* _Input data_:

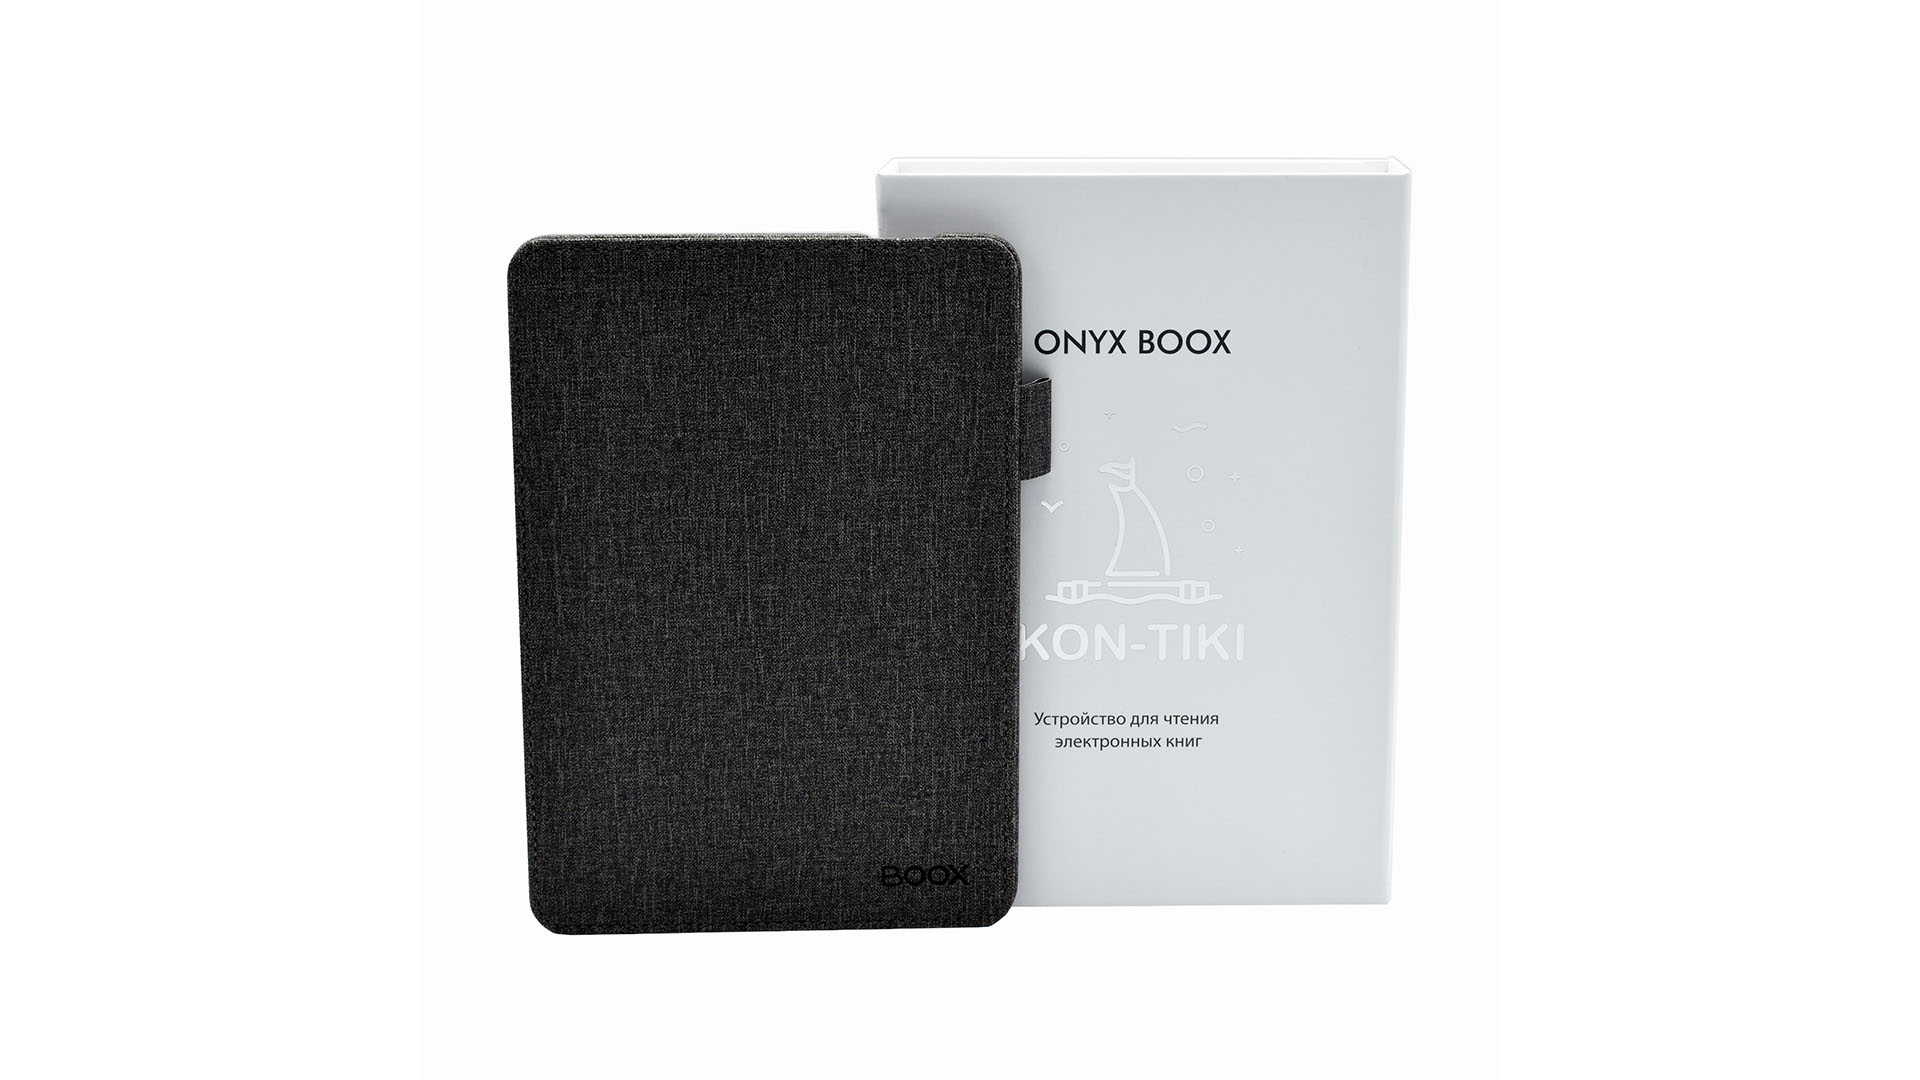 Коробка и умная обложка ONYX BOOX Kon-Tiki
==
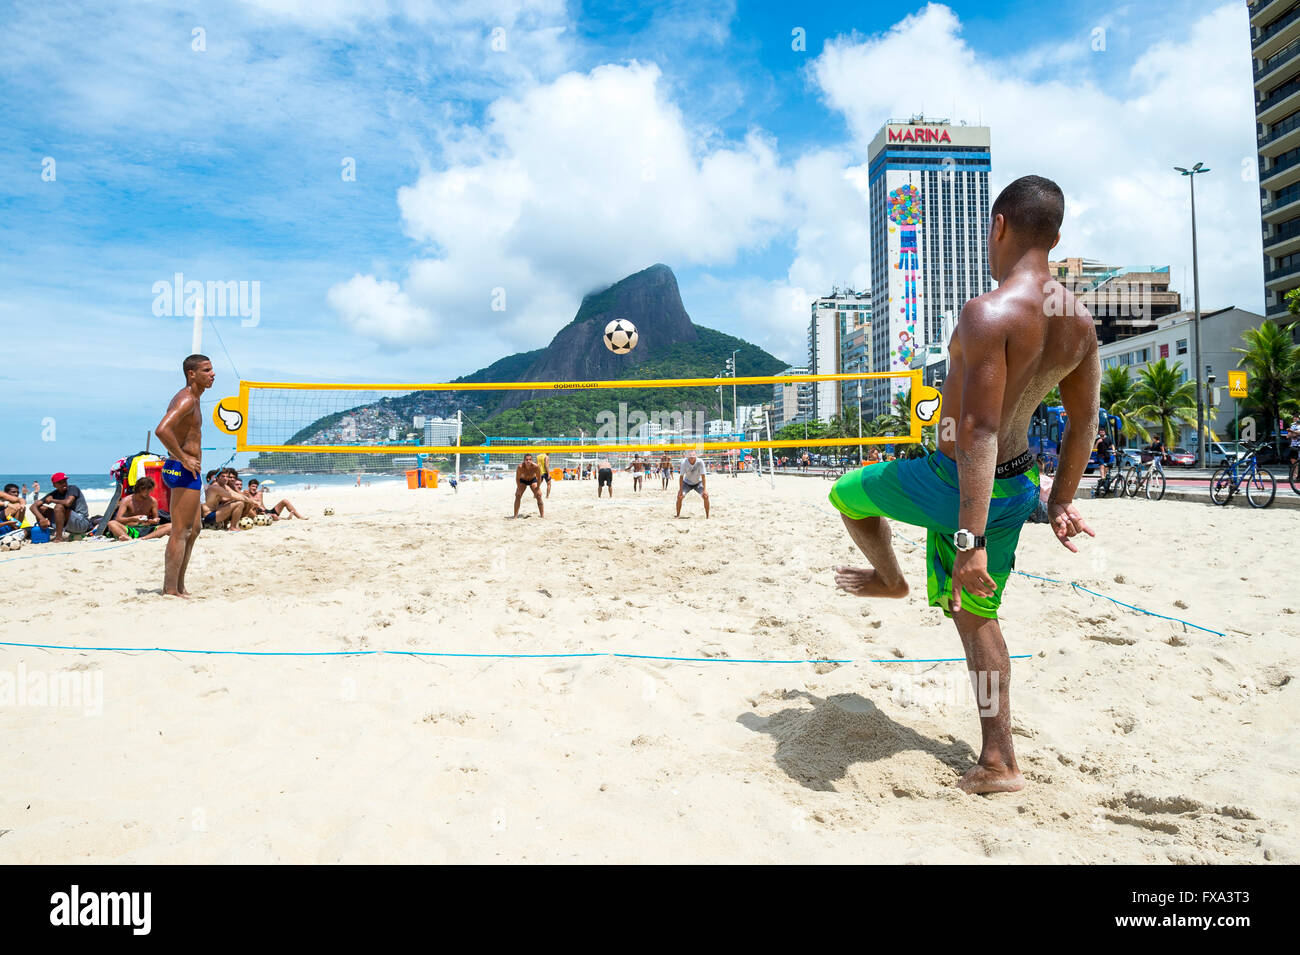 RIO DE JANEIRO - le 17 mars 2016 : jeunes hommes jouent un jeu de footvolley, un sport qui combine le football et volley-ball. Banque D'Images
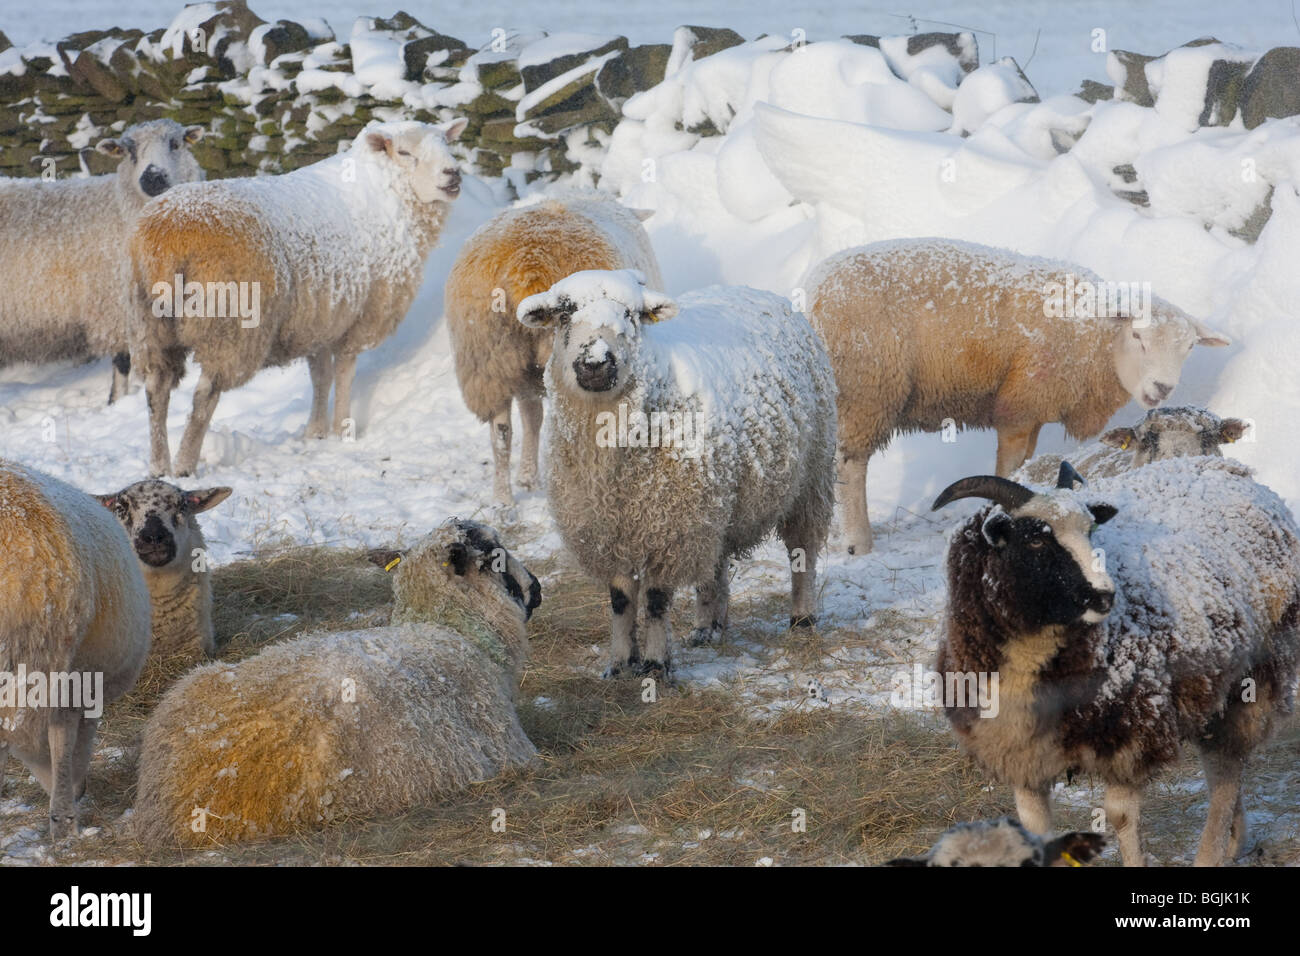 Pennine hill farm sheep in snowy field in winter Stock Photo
...
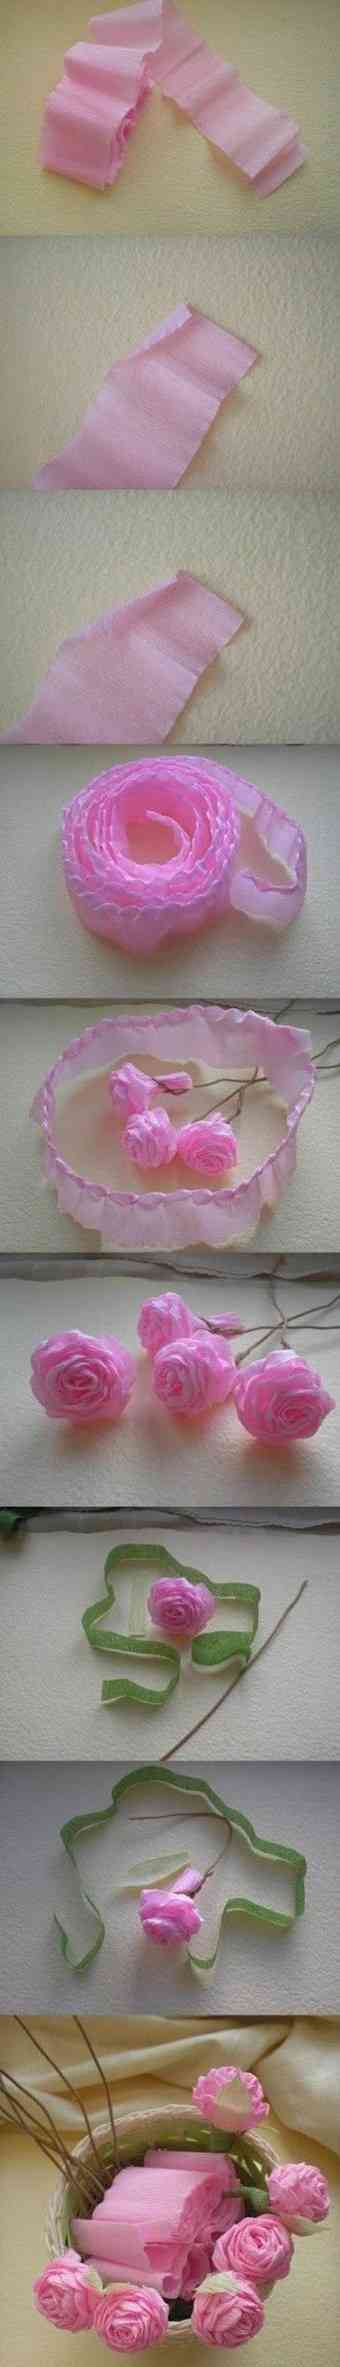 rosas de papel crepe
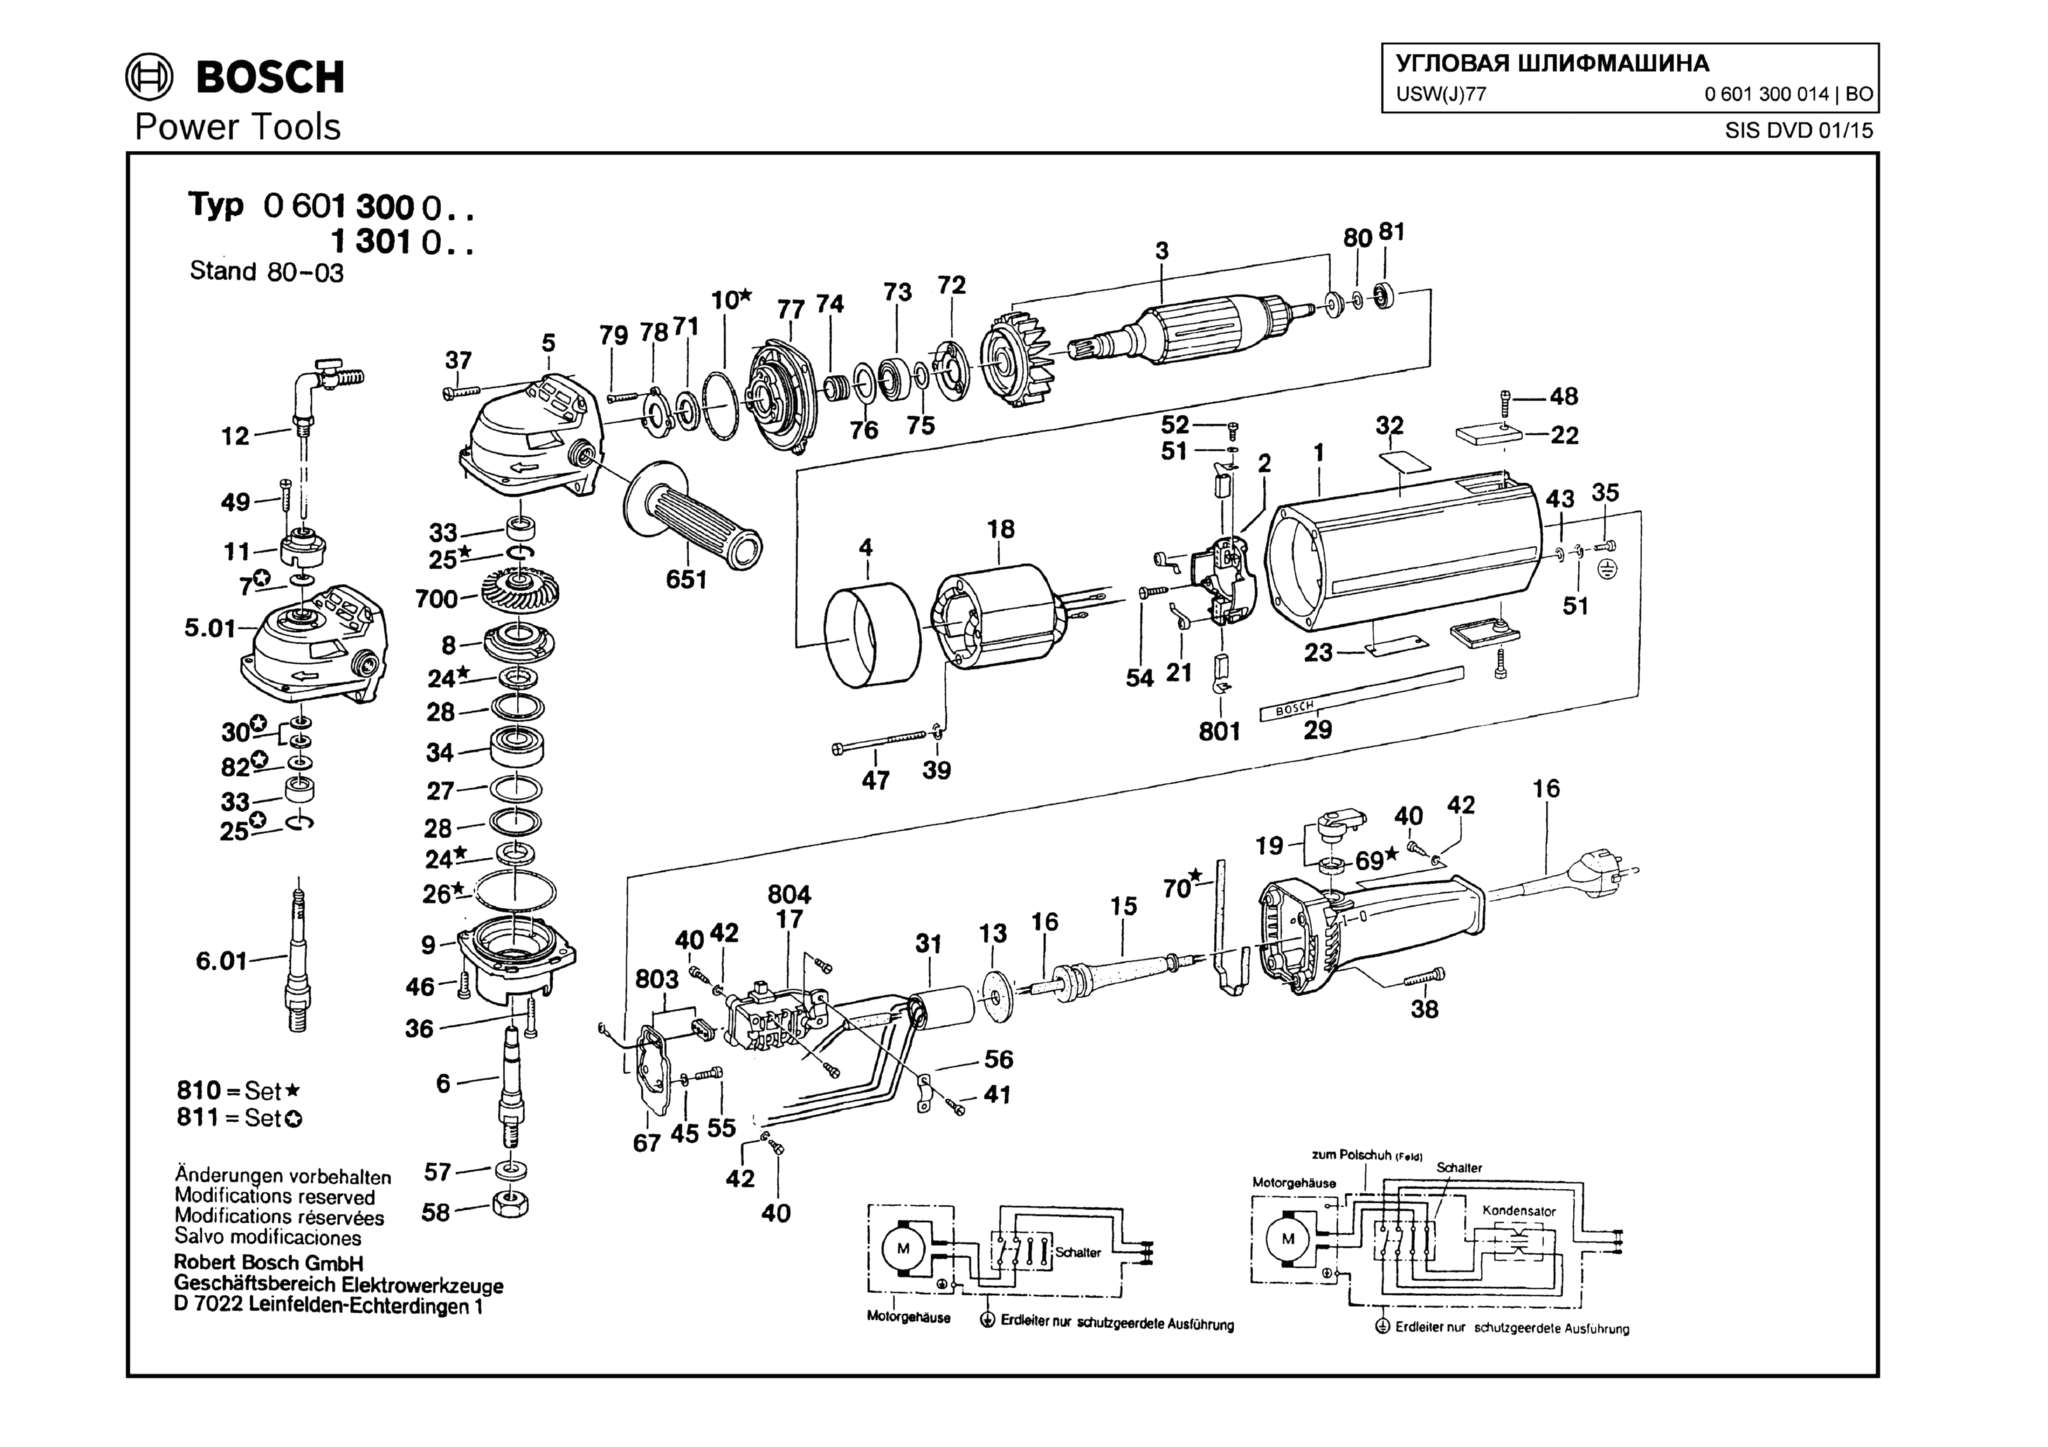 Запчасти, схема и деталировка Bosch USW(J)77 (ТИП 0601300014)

* _What to produce_: Copy everything above from the line holding "rosas de papel crepe" down to the line holding "Запчасти, схема и", both ends included, exactly as it stands and without the pictures.

* _Exercise response_:
 rosas de papel crepe
 Запчасти, схема и деталировка Bosch USW(J)77 (ТИП 0601300014)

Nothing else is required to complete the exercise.